AURIC PACIFIC GROUP LIMITED

(Incorporated in the Republic of Singapore)

(Company Registration Number 198802981D)

NOTICE OF EXTRAORDINARY GENERAL MEETING

NOTICE IS HEREBY GIVEN that an Extraordinary General Meeting of Auric Pacific Group Limited (the“ Company ”) will be held at Function Room C, Level 2 of M Hotel Singapore at 81 Anson Road Singapore 079908 on 10 February 2006 at 10 a.m., for the purpose of considering and, if thought fit, passing (with or without modification) the following Ordinary Resolution.
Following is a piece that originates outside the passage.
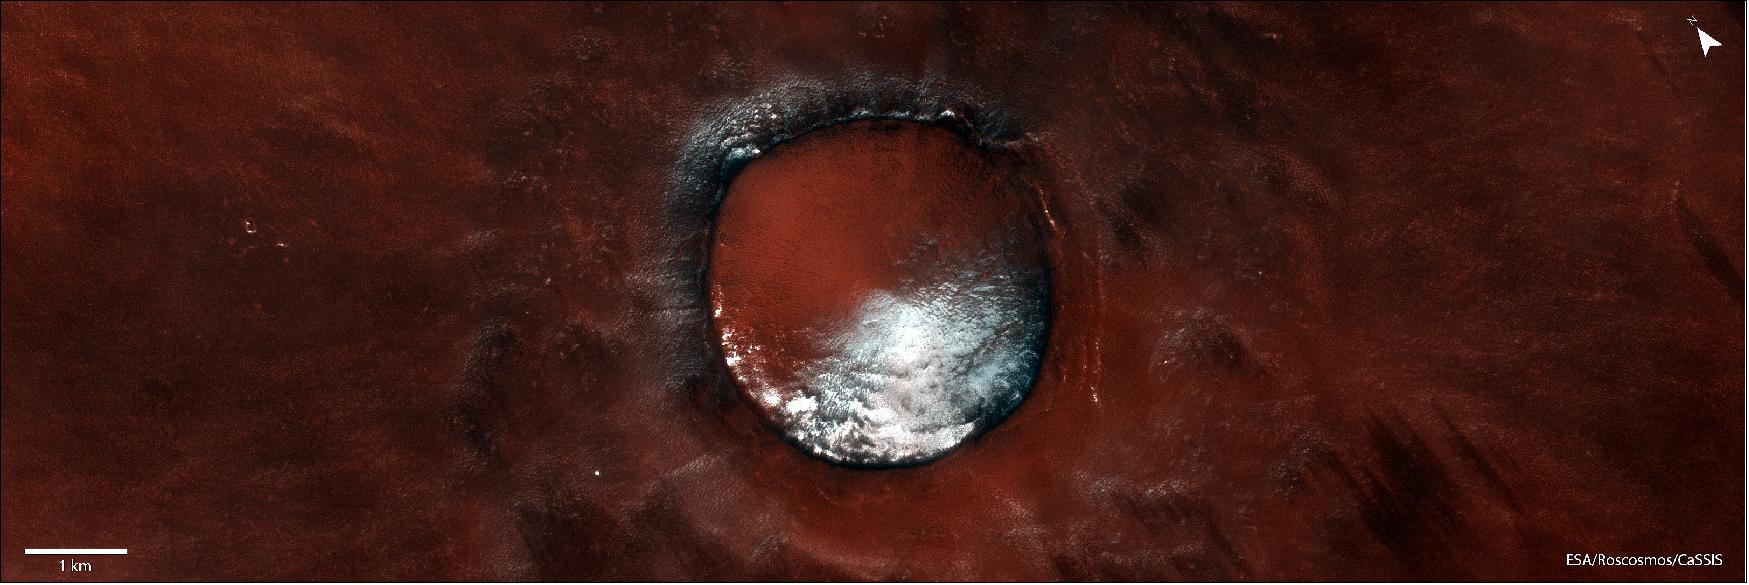 Figure 12: This delightful image was taken 5 July 2021 and soaks in the view of a 4 km-wide crater in Mars’ north polar region of Vastitas Borealis, centered at 70.6 ºN/230.3ºE. - The crater is partially filled with water ice, which is also particularly predominant on its north-facing slopes that receive fewer hours of sunlight on average throughout the year. The dark material clearly visible on the crater rim – giving it a somewhat scorched appearance – likely consists of volcanic materials such as basalt. - Most of the surrounding terrain is ice free, but has been shaped by ongoing aeolian processes. The streaks at the bottom right of the image are formed by winds that have removed the brighter iron oxide dust from the surface, exposing a slightly darker underlying substrate (image credit: ESA/Roscosmos/CaSSIS, CC BY-SA 3.0 IGO)

All capitalised terms in the Ordinary Resolution and defined in the Circular shall, unless otherwise defined in this Notice bear the respective meanings ascribed thereto in the Circular.

ORDINARY RESOLUTION:

THE PROPOSED ACQUISITIONS BY GRAND REWARD LIMITED, A WHOLLY OWNED SUBSIDIARY OF AURIC PACIFIC CHINA LIMITED WHICH IS WHOLLY OWNED BY THE COMPANY, OF:

  • (1) THE ENTIRE ISSUED AND PAID-UP SHARE CAPITAL OF CHENGDU PASHUN MEDICINE FRANCHISE CO., LTD; AND

  • (2) THE BUSINESS AND CERTAIN ASSETS OF CHENGDU KE XUN MEDICINE CO., LIMITED.

That :-

  1. Approval be and is hereby given for Grand Reward Limited (“ Grand Reward ”), a wholly owned subsidiary of Auric Pacific China Limited which is in turn wholly owned by the Company, to acquire the following subject to the satisfaction of the conditions precedent (or the waiver of such conditions in writing by Grand Reward if such conditions are not satisfied) of the Equity Transfer Agreement and the Asset Transfer Agreement (both as defined in the Circular to Shareholders dated 25 January 2006):

    • (a) the entire issued and paid-up share capital of Chengdu Pashun Medicine Franchise Co., Limited of RMB8,000,000 (the “ Pashun Sale Shares ”) for a purchase consideration of RMB18,000,000 (or approximately S$3.8 million based on an exchange rate of S$1.00 : RMB4.791); and

    • (b) the business and certain assets of Chengdu Ke Xun Medicine Co., Limited (as set out in the Circular to Shareholders dated 25 January 2006) (“ Ke Xun Business and Assets ”) for a purchase consideration of RMB35,000,000 (or approximately S$7.3 million based on an exchange rate of S$1.00 : RMB4.791).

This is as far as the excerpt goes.